■ **Aim of the task**: Leaving out every picture, please repeat exactly the line that contains "Hands tearing apart" and each line after it through the final line below.

■ **Information shown**:
—————

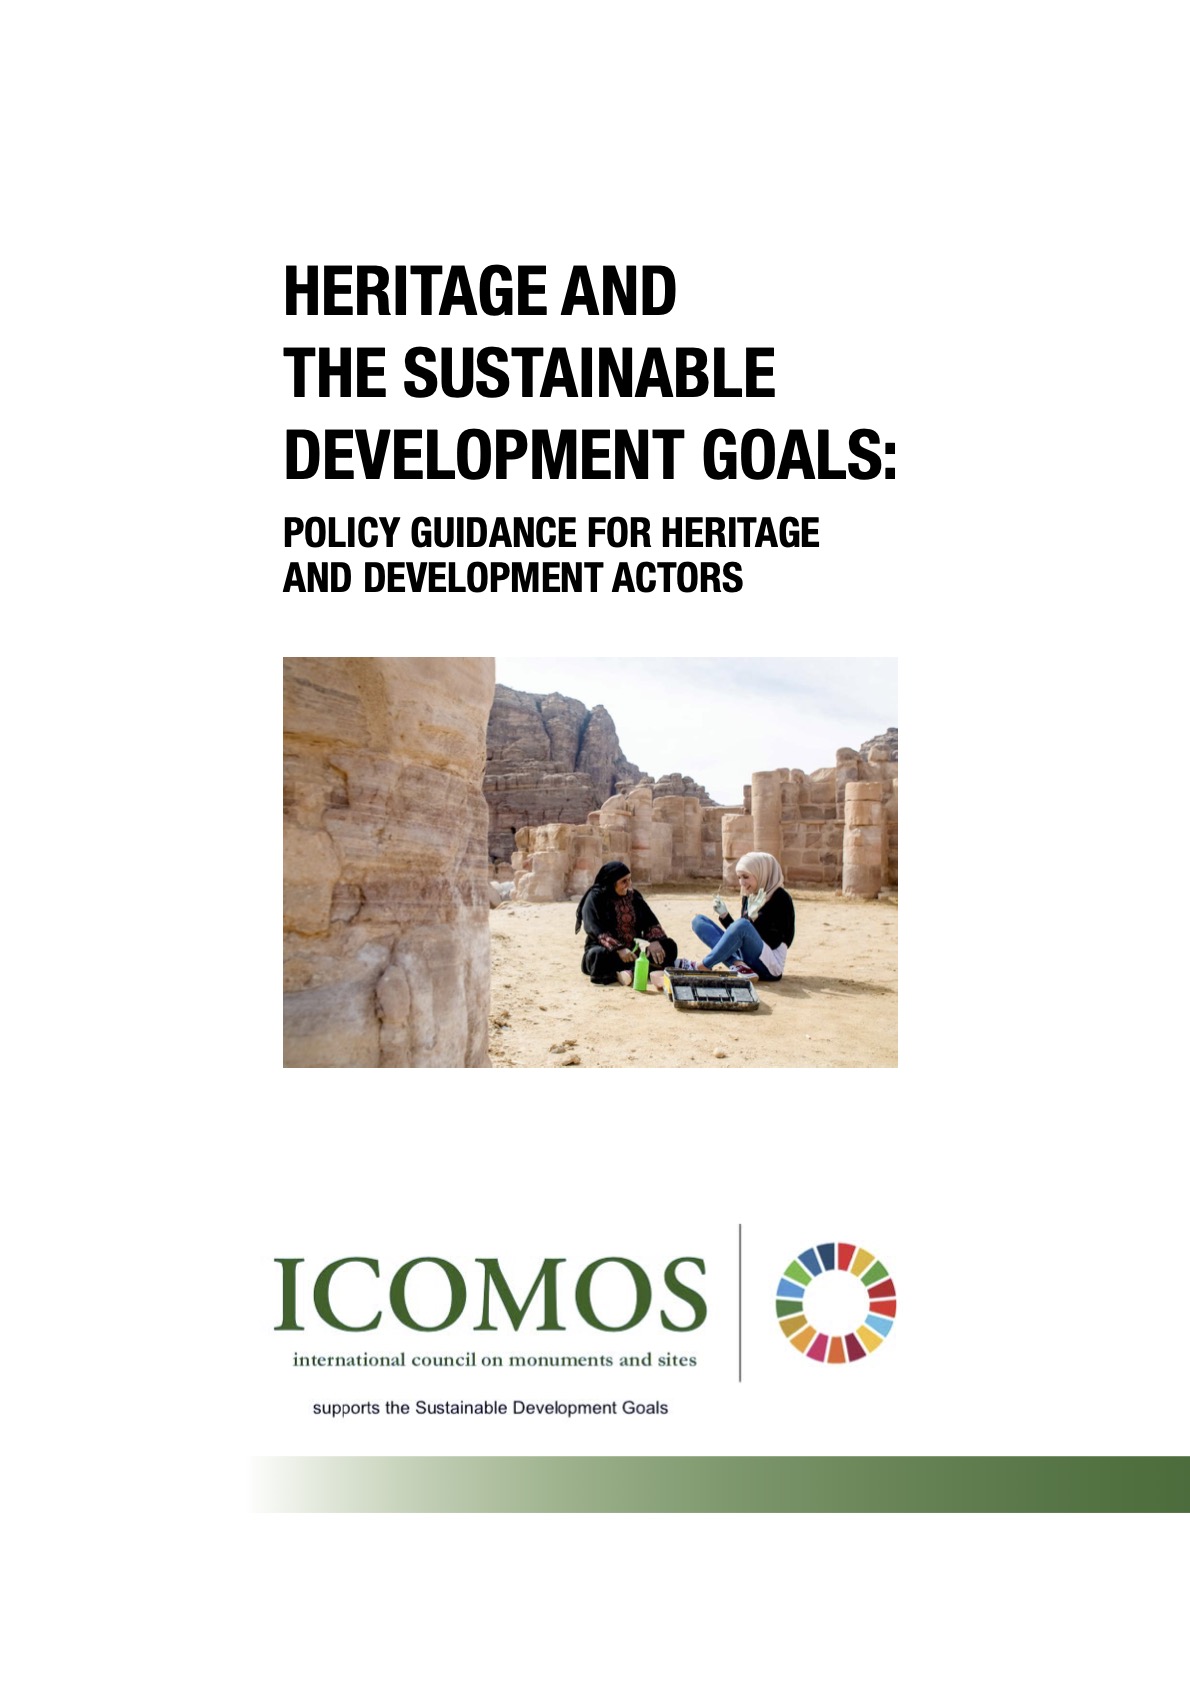 HERITAGE AND THE SUSTAINABLE DEVELOPMENT GOALS: POLICY GUIDANCE FOR HERITAGE AND DEVELOPMENT ACTORS
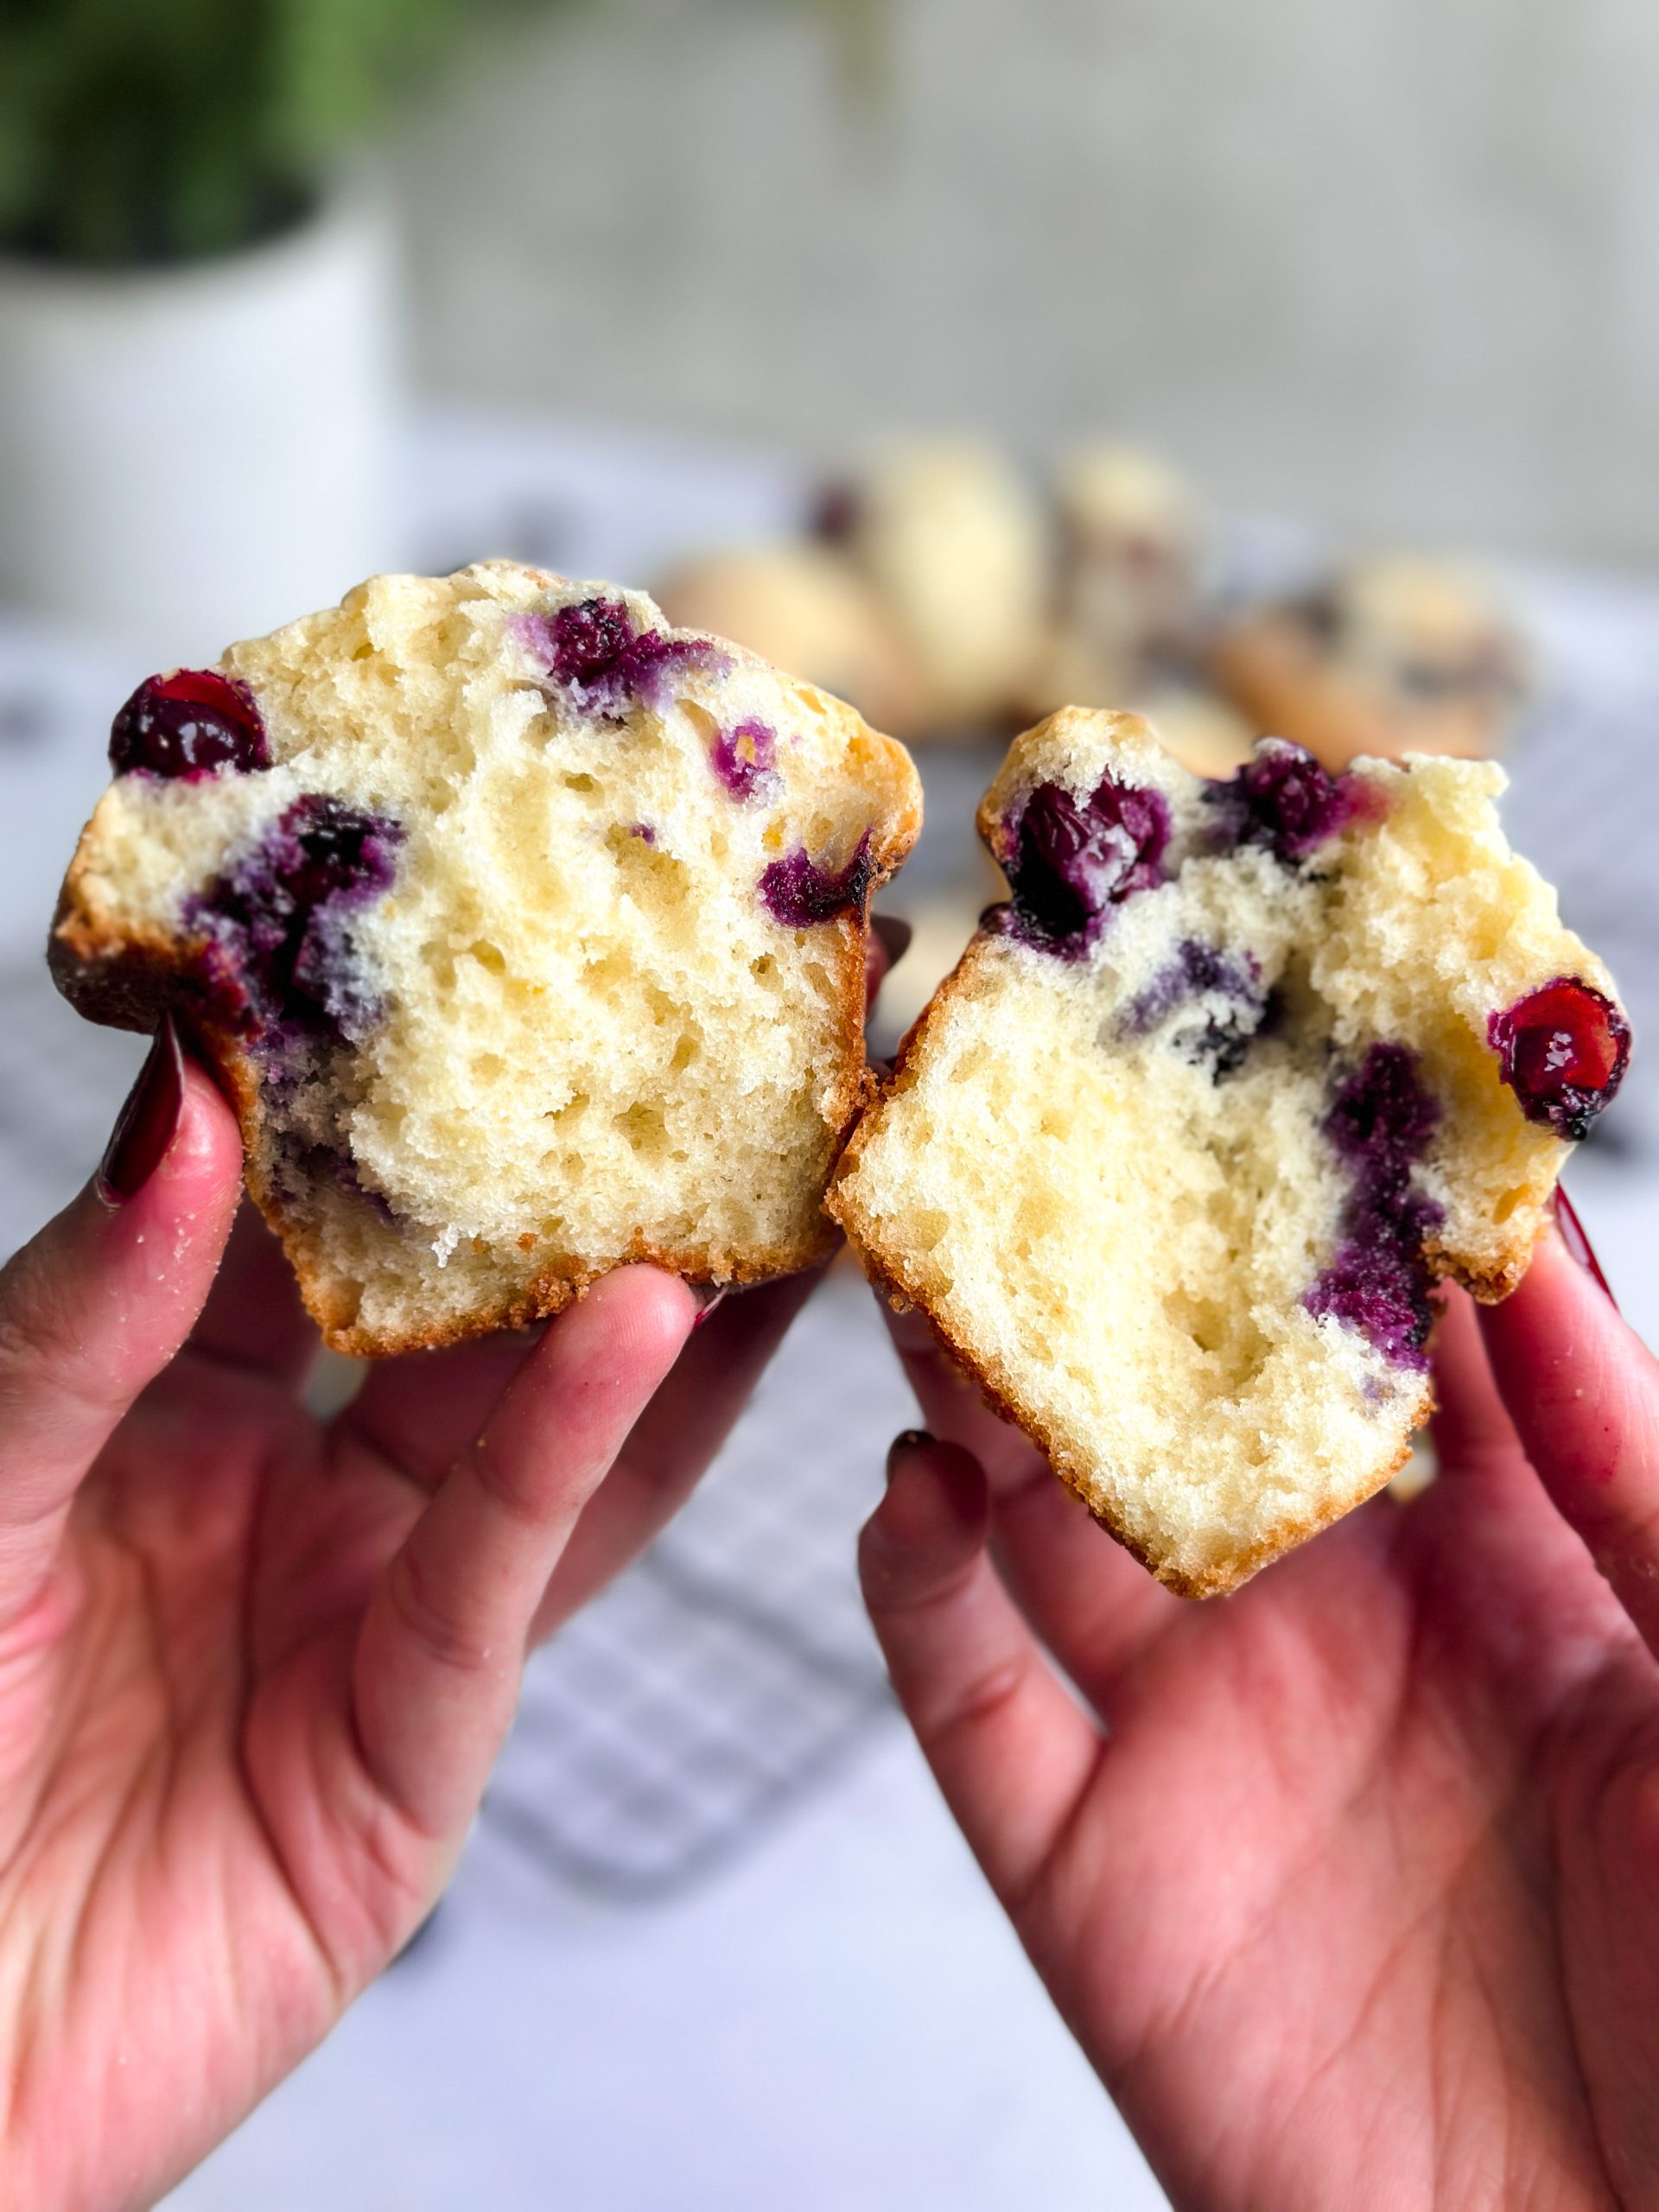 Hands tearing apart a blueberry muffins in 2 halves revealing bursting blueberries inside
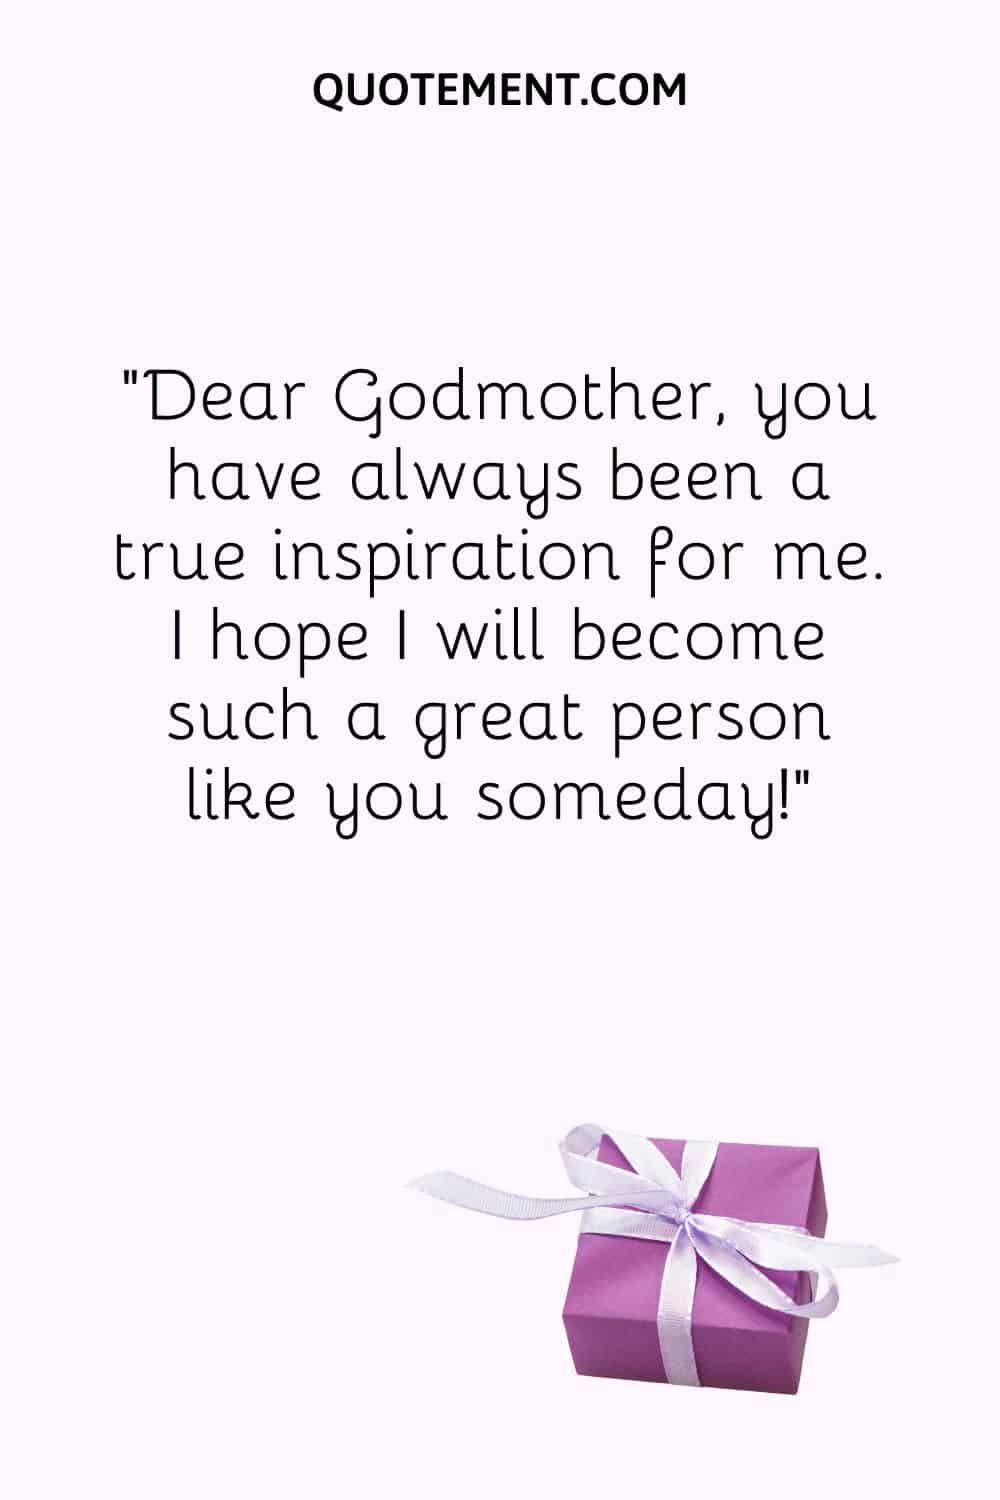 Dear Godmother, you have always been a true inspiration for me

—————

■ **Your response**:
 Hands tearing apart a blueberry muffins in 2 halves revealing bursting blueberries inside
 Dear Godmother, you have always been a true inspiration for me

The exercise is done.